13. Деревенька Горки


   Под взглядами стоявших в строю командиров Беленков вытащил из петлиц знаки различия, снял планшет, медицинскую сумку и, передав все это Кирееву, поплелся с винтовкой, как рядовой санитар, к фуре, видневшейся на другом краю поляны.
   Я объяснил командирам, в каком трудном положении мы находимся, приказал всякое нарушение порядка карать только смертью. Все иные виды взысканий отменяются, пока мы не выйдем к своим.
   Затем я приказал построить батальон.
   На прогалине встали ряды бойцов. Как это уже не раз со мной бывало, я ощутил силу, как бы источаемую строем.
   Я сказал бойцам:
   — Мы, четыреста пятьдесят вооруженных советских людей, находимся на захваченной врагами территории. Наша задача — выйти к своим. И не просто выйти, а уничтожать противника, мешать его продвижению вперед. Кроме того, нам предстоит побороться с голодом. Голод сейчас — страшный враг, который стремится расшатать, сломить нашу волю. Он набрасывается, как бешеный волк, пытаясь поколебать нашу верность долгу, присяге, великую заповедь советского народа: одолевать все трудности, не покоряться им. Наша главная сила теперь — дисциплина.

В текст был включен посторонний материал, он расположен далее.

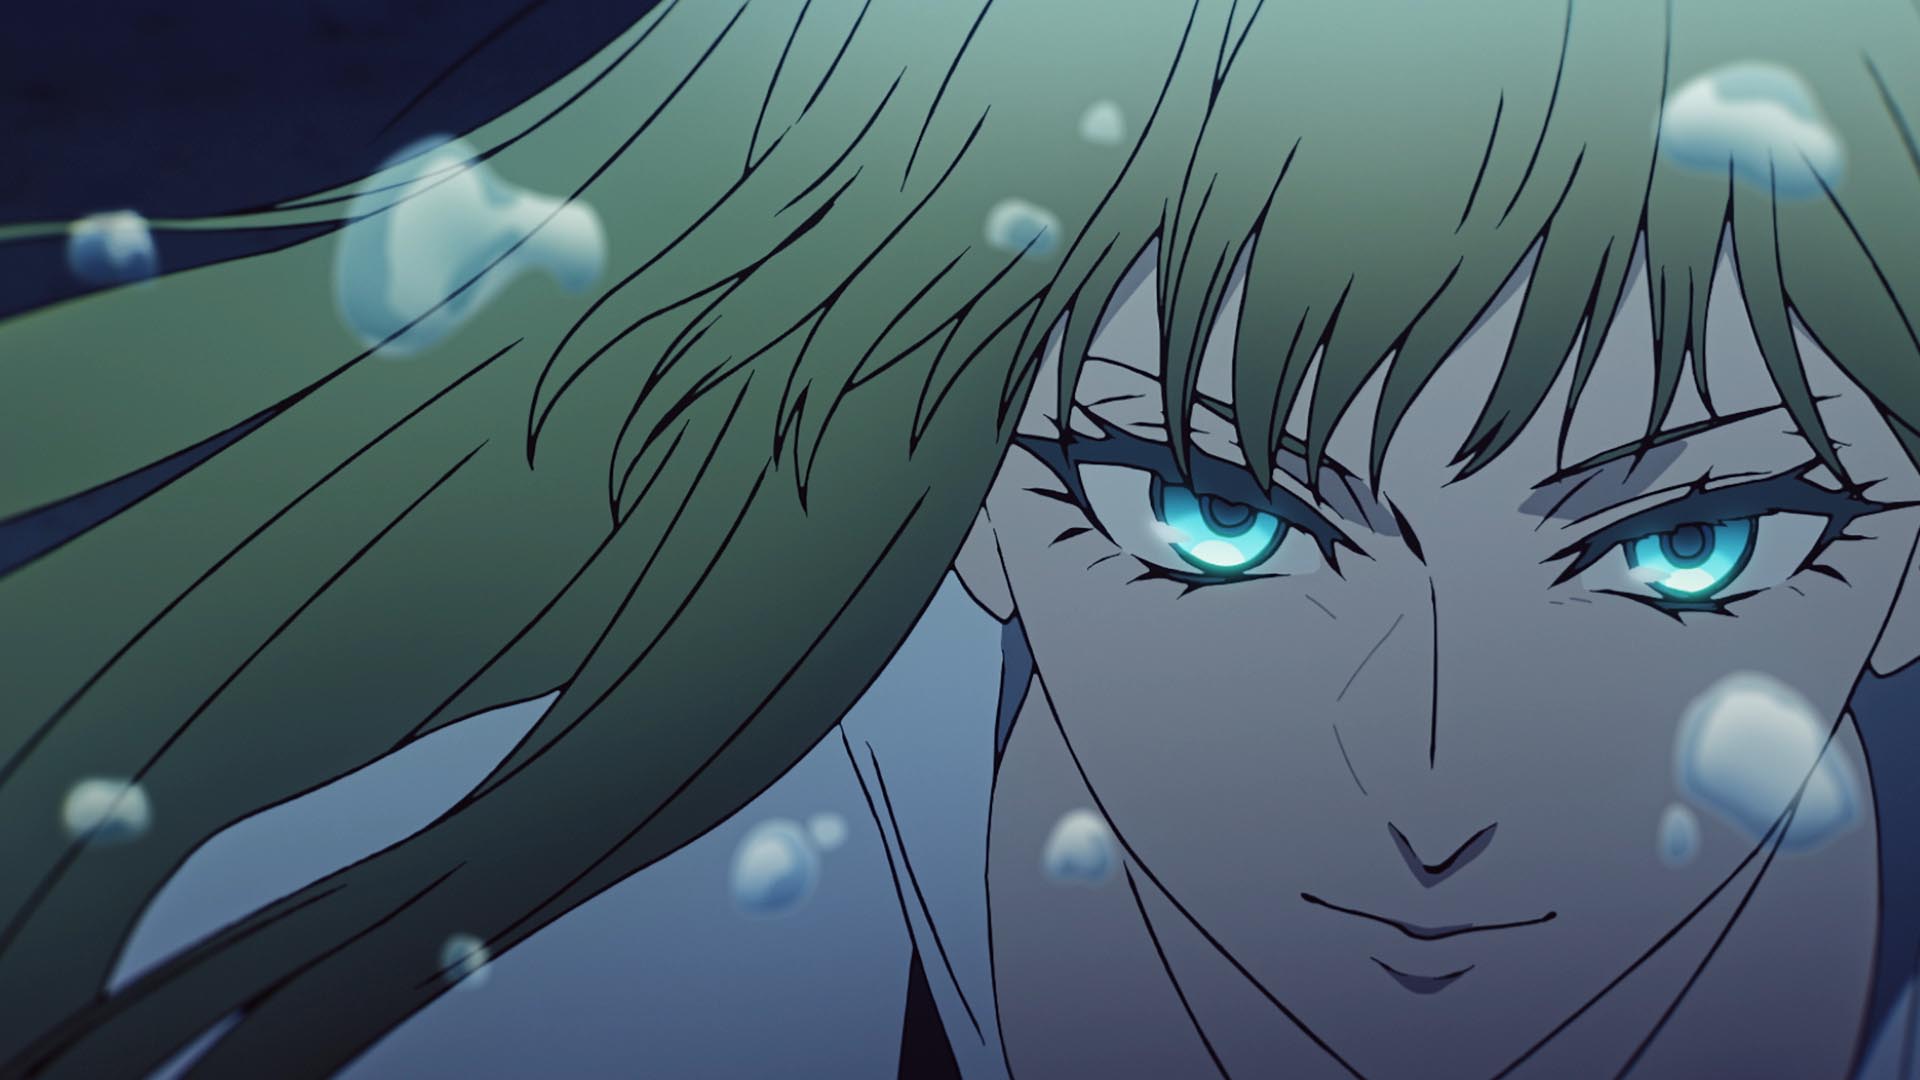 HD desktop wallpaper featuring a close-up of a Fate/strange fake anime character with striking blue eyes and flowing hair, set against a dark, mysterious background.

   Далее я сообщил, что разжаловал в рядовые Беленкова. И продолжал:
   — Товарищи бойцы и командиры! В этих условиях я приказал всякое нарушение порядка карать только смертью. Неповиновение командиру, все проявления трусости, нестойкости будут наказываться смертью.

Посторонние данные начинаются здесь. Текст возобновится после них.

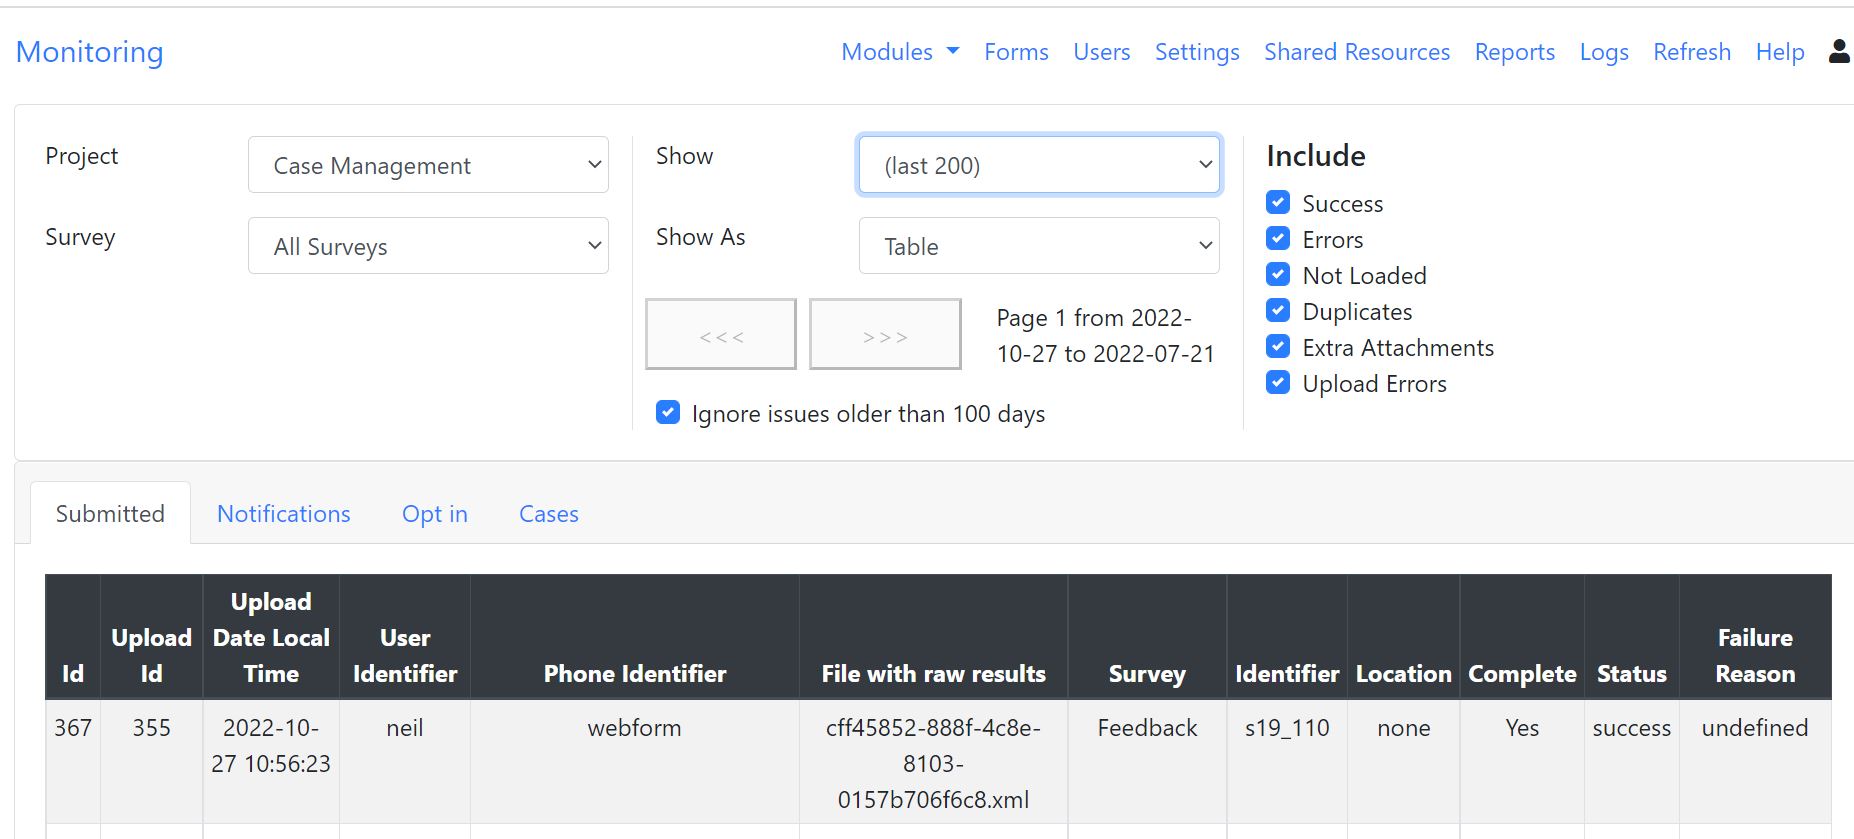 The monitoring page showing submission details

   Закончив свою речь, я приказал построиться в колонну по четыре. Затем скомандовал:
   — Направо! За мной шагом… марш!

 

 
   Вот и еще денек канул в былое. Истекло уже четверо суток с того часа, как мы, поднятые по тревоге, выступили из Волоколамска. Уже четверо суток мы не знали никакой пищи, кроме крохотного кусочка мяса.
   Переночевав в лесу, мы и тридцатого октября продолжали свои скитания.
   Утром тридцать первого мы наконец вышли к своим. Ко мне, шагавшему рядом с Рахимовым, подбежал Брудный, которого я постоянно высылал вперед с головным дозором. Брудный лихо козырнул:
   — Товарищ комбат, разрешите передать приказ.
   — Какой приказ? Чей?
   — Подполковника Хрымова.
   Мне показалось, что от Брудного подозрительно попахивает спиртным.
   — Ты, случаем, не тяпнул ли спиртяги?
   — Всего стопочку, товарищ комбат. Больше себе не разрешил. Мы, товарищ комбат, уже вышли в расположение дивизии. В полутора километрах — деревенька Горки. Там наши, заградительный отряд.
   — Там ты и приложился?
   — А то где же? Оттуда я позвонил в штаб подполковника Хрымова. Нам приказано идти в эту деревню.
   Я велел Рахимову вести батальон в Горки, а сам вместе с Бозжановым отправился разыскивать штаб подполковника Хрымова.
   Отмерив еще несколько километров по грязному, размокшему проселку, мы наконец добрались до штаба, разместившегося в какой-то деревушке. Оперативным дежурным оказался молодой лейтенант, тот самый, что вместе с полнотелым капитаном побывал ночной порой в нашем шалаше у моста. Сейчас лейтенант встретил нас удивленным взглядом. Видимо, он еще не знал о возвращении батальона и, должно быть, подумал, что уцелели только мы двое.
   Хрымов отсутствовал. К нам, ожидавшим у крыльца, выбежал начальник штаба полка, общительный румяный майор Белопегов.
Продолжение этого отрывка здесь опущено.